On 10 October, the ESMA released its 2014 work programme and budget for the next fiscal year. Emphasising six key areas of focus for the regulator over the next year, priorities on the whole have not diverged much from the 2013 plan, but a larger budget projection and more personnel have expanded their capacity to tackle new obstacles on the international markets regulation, including MiFID II, the Alternative Investments Fund Managers Directive (AIFMD), Packaged Retail Investment Products (PRIPs) reforms, and IT upgrades. The ESMA Board of Supervisors approved a larger budget for the regulator this year, increasing expenditures from €27.95 million to a projected €32.5 million, as well as a three-year plan for continuous personnel expansion.
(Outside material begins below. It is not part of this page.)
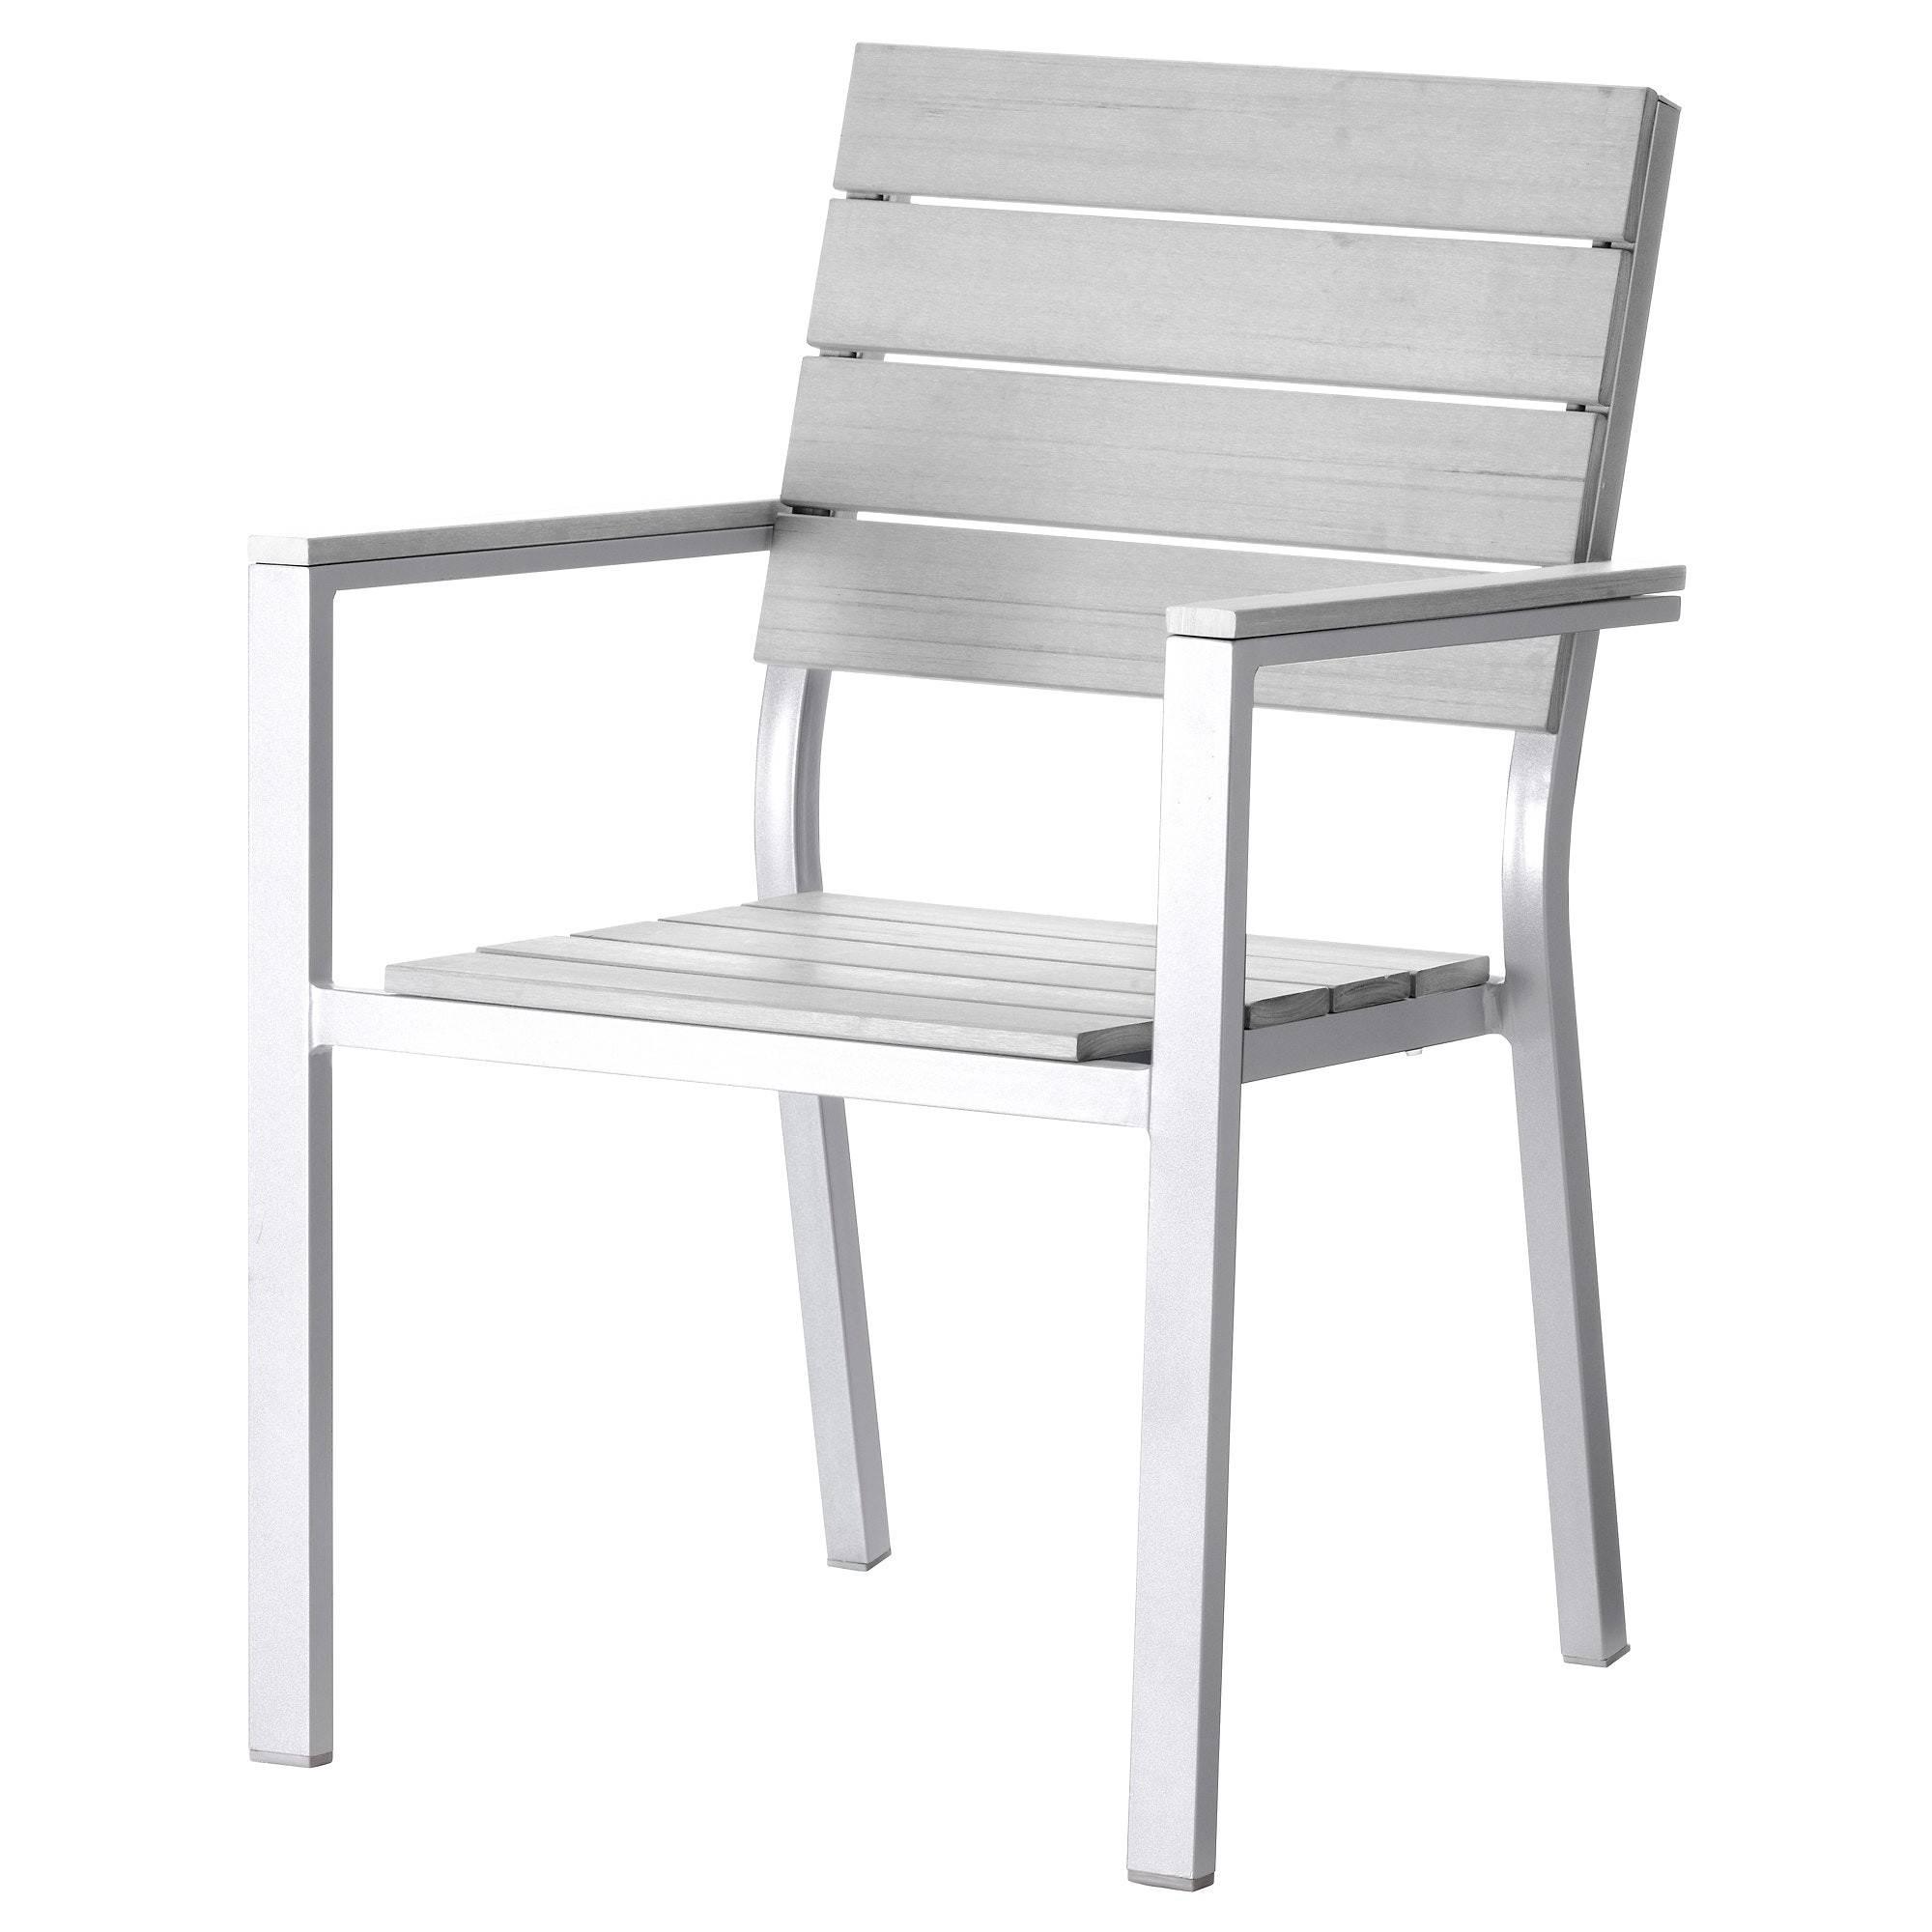 40 Génial Table Ronde Fer Forgé Extérieur | Salon Jardin destiné Table Basse De Jardin Ikea

Many of the ESMA reforms planned touch on key contemporary hot topics, with parts of convergence, single rulebook (securities regulation) standards, and operational setup within ESMA highlighted for focus. Within the convergence focus, ESMA has directed resources to promoting international cooperation and collaboration to both make ‘third party’ countries ESMA-rule compliant as well as created a more harmonised legislative framework for securities markets. The 4th Anti-Money Laundering Directive (AMLD IV) proposal, credit rating agency (CRA) reform, trade repository (EMIR) reform, and retail investment reform (PRIPs in the UK) have garnered attention and budget allocation here as well.
While there have been minimal new adjustments to consumer financial protection and financial stability focuses from 2013 to 2014, concerns have emerged surrounding crowdfunding, collateral transformation, and financial innovations in the marketplace as well as persistent global issues with benchmarking. ESMA will be putting an even heavier emphasis on the MiFID II reforms from last year, confirming the market’s suspicions that the new Directive will likely be with us within the next year.
Perhaps the biggest changes for the next year touch upon the single rulebook initiatives, supervision, and internal structure focus areas. The European Investment Fund Legislation is a key priority for the next year as it covers legislation like AIFMD, Undertakings for Collective Investment in Transferable Securities (UCITS), money market fund reform and venture capital funds reform. Progress is to be made on the CRA III legislation – including a regulatory technical standard passage by June 2014 and new IOSCO rules by 2014/2015 – as well as progress on the Central Securities Depository Regulation (CSDR), on which ESMA aims to consult for the thirty technical standards they are expecting to produce at some point next year. ESMA will also add more staff to its audit team, prepare for exchange traded derivatives (ETD) reform, spend time on getting more registered participants for CRA III reforms, and continue to monitor TR compliance with EMIR. Lastly, ESMA is spending close to €6.5 million to upgrade its IT infrastructure in order to implement better governance standards and enable better AIFMD enforcement, as well as working closer with the European Data Protection Supervisor (EDPS).
ESMA’s work initiatives for the upcoming year means European financial firms have a few things to keep an eye out for in 2014. Expect MiFID/MiFIR review, compliance reporting, and enforcement to be key issues, particularly with TR reporting and counterparty compliance. UCITS, AIFMD, funds management reforms, and CSDR will be key pipeline developments for ESMA, and as Europe continues to work toward implementing these new regulations, firms need to be kept abreast of how they will affect the industry. Other developments like CRA III will cause ripples in the rating systems for financial products, which ESMA is keen to enforce, and long-term planning with initiatives like PRIPs should be on firms’ radar moving into the New Year.